Flexibel inzetbaar en effectief
De variatie aan beschermingsprojecten waarbij detectiehonden kunnen worden ingezet is groot. Zo werden er in 2009 plannen gemaakt om een park met zonnepanelen te bouwen in het leefgebied van de bedreigde grootoorkitvos, in Californië. Het bedrijf dat het zonnepark ging bouwen wilde de impact van het project op de toch al zeldzame vos en andere lokale diersoorten zo veel mogelijk beperken. Er was echter geen bestaande methodologie beschikbaar om de acties en reacties van de vos te kunnen volgen. Daarom werden honden ingezet om op zoek te gaan naar uitwerpselen, die vervolgens op DNA konden worden onderzocht om te zien hoe veel vossen er in de regio voorkwamen.
Gedurende acht jaar – voor, tijdens en na de bouw van het zonnepark – werd dit onderzoek herhaald en men ontdekte dat het aantal kitvossen geleidelijk aan toenam. Wat bleek was dat de panelen, die hoog van de grond stonden, de vossen nog genoeg ruimte boden om in vrijheid te bewegen, te jagen en holen te graven, en dat de schaduw van de zonnepanelen zelfs kansen bood aan de vegetatie om te groeien. Een ontwikkeling die op haar beurt meer prooidieren voor de kitvos betekende.

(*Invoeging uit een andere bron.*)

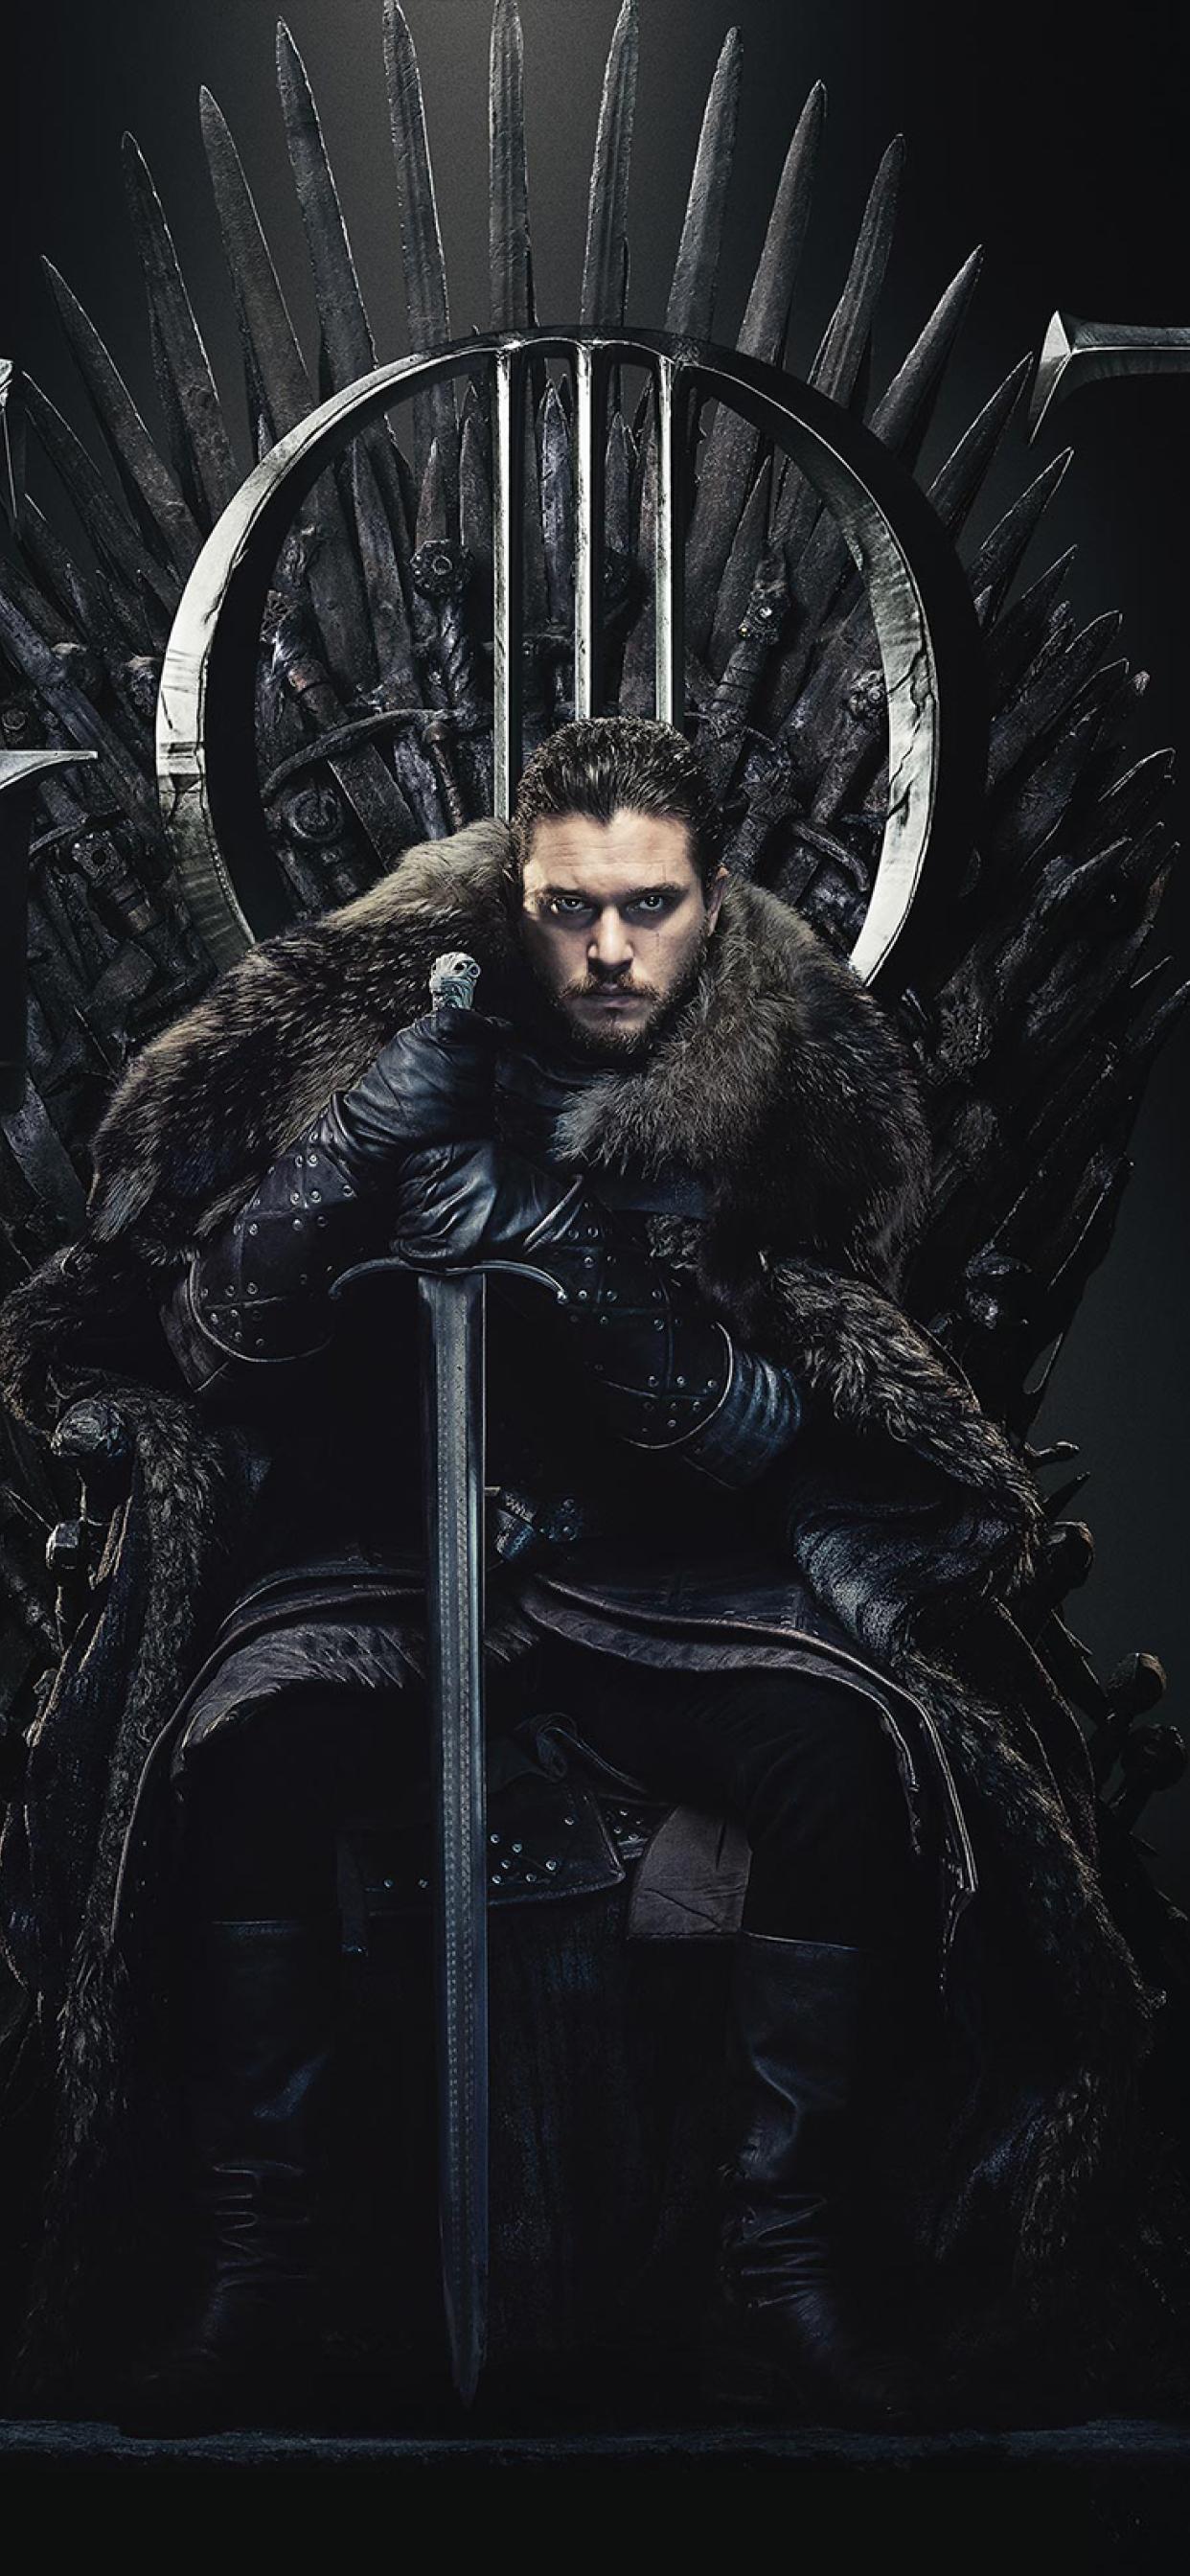 1242x2688 Jon Snow Game Of Thrones Season 8 Poster Iphone Xs

Het is slechts een van de vele voorbeelden van ecologisch onderzoek waarbij detectiehonden een doorslaggevende rol hebben gespeeld in het verzamelen van informatie. Onze huisvriend blijkt zo ook de beste vriend van heel veel wilde dieren. En wie weet kunnen honden nog wel meer betekenen voor de bescherming van onze natuur, want de grenzen van hun kunnen zijn nog niet bereikt. De ooit in het asiel als gezinshond afgeschreven dieren werken nu met veel plezier om wilde dieren een toekomst te bieden. Voor hen is elke werkdag een uitdaging, met aan het eind van de dag een veilige warme mand als beloning.